Em primeiro lugar, o fato de um país legalizar a prática de aborto não elimina a existência das vias clandestinas. Na verdade, ocorre o contrário. O Uruguai é o grande exemplo: é cada vez menor o número de abortos nas redes de saúde legais (queda de quase 80%), o que significa um aumento brutal do uso de redes clandestinas. Em segundo lugar, a descriminalização do aborto não asseguraria necessariamente um serviço médico de qualidade às gestantes, principalmente se tratando do SUS.
“Você é contra o aborto? Tudo bem! É seu direito, eu respeito os seus motivos, mas você também tem que respeitar os motivos e condições de outra mulher que não seja. Você é contra? Não faça um aborto. Legalizar o aborto não significa que o Estado vai forçar você a fazer um (como tudo que se fala em legalizar neste país parece, que vão forçar você a fazer/usar/ter), e sim que as mulheres que entendem essa como uma opção não sejam presas e maltratadas no sistema de saúde por uma escolha individual, quando nem você, nem o médico que a assiste depois de um procedimento mal feito, fariam nada para ajudar a mãe, que tomava pílula e está desempregada, mas ainda assim aconteceu e ela não viu outra saída.”
Aqui, infelizmente, há uma apelação ao crime mais bárbaro que um ser humano pode cometer: o assassinato de vidas indefesas. É bem verdade que LEGALIZAÇÃO não é o mesmo que OBRIGATORIEDADE, mas o fato da gestante possuir dificuldades financeiras, por si só, não justifica essa barbaridade. A autora coloca um ultimato às pessoas que são contra o aborto: só podem se opor se estiverem dispostos a ajudar a mãe. Honestamente, não posso negar que há uma lógica nesse argumento. Mas, a menos que em um caso de gravidez por estupro, a mãe escolheu praticar sexo sem responsabilidade. “Você é livre para fazer escolhas, mas prisioneiro das consequências.”. Ademais, temos aí uma forma bem mascarada de justificar a eutanásia, ou até mesmo, o homicídio em alguns casos. Por exemplo, uma jovem mulher pobre vive com a sua mãe, uma velha senhora que possui muitos problemas de saúde, e a jovem mulher não tem condições financeiras para conseguir sustentar a mãe de forma adequada. Não tem dinheiro para tratamentos médicos, nem para medicamentos, nem para fraudas geriátricas. Vive em um barracão, ganha mal no trabalho, sequer tem uma televisão para o mínimo entretenimento. Nesse caso, se a jovem mulher resolvesse matar sua mãe, alegando não ter condições de proporcionar uma vida melhor à idosa, só poderia ser questionada por quem estivesse disposto a ajudá-la com as despesas. Ou seja, entre o aborto e o assassinato: qual a diferença?
“Eu sou contra o abordo?
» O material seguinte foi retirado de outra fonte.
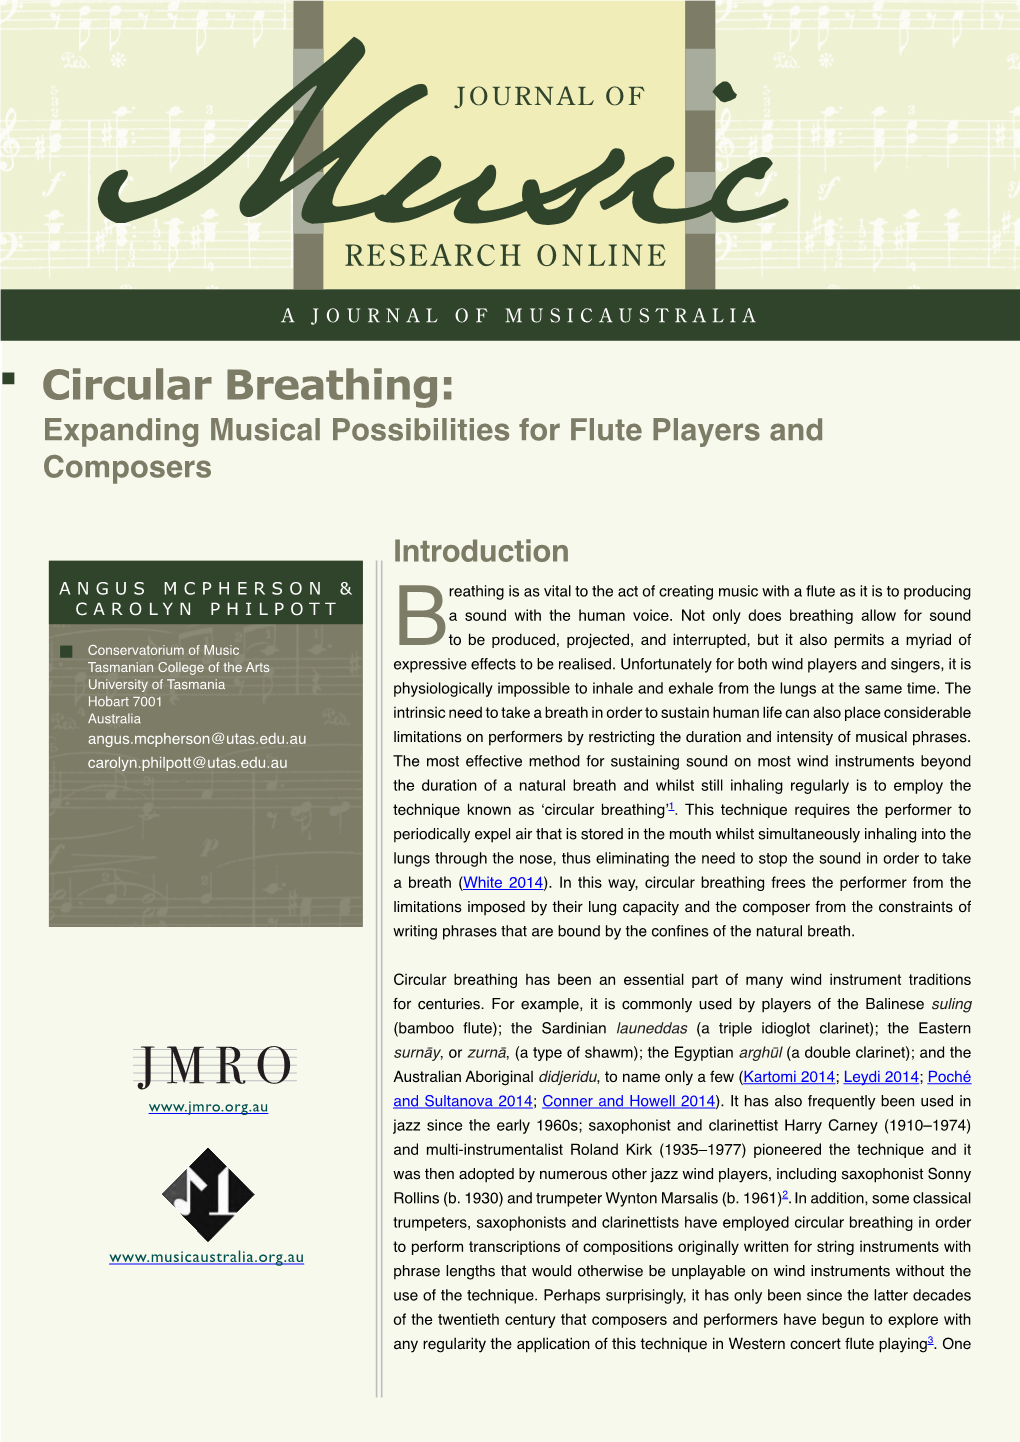 Circular Breathing: Expanding Musical Possibilities for Flute Players and Composers

Não sei. Mas eu sou a favor de uma regulação que determine até quando a mulher pode se submeter a este procedimento, que a esta mulher seja oferecido auxílio psicológico antes (vai que ela desiste, não?) e depois do procedimento. Sou a favor que a dignidade da mãe e do feto, ainda que abortado, sejam preservadas.”.
Essa última frase foi ótima: “a dignidade da mãe e do feto, ainda que abortado, sejam preservadas.”. Que dignidade tem um feto abortado? Um morto tem dignidade em quê? A ilustre autora ainda defende um atendimento psicológico. Mas...não era apenas quem estivesse disposto a ajudar (financeiramente) que poderia palpitar? A própria autora admite que o aborto pode ser traumático para mãe, pois defende o atendimento psicológico mesmo após o procedimento.
Em suma, posso apresentar aqui bastantes outros argumentos dos movimentos pró-aborto, mas mesmo sem citá-los, posso afirmar com toda propriedade: não há nenhum que justifique o aborto sem legitimar o homicídio. O texto da autora aqui explanado pode ser avaliado por outros pontos de vista, favoráveis ou não. A insensibilidade de muitos que defendem o aborto é o que mais surpreende, contudo, não se nega uma boa polêmica sobre esse tema, por mais frios que sejam os indivíduos que levantam essa bandeira.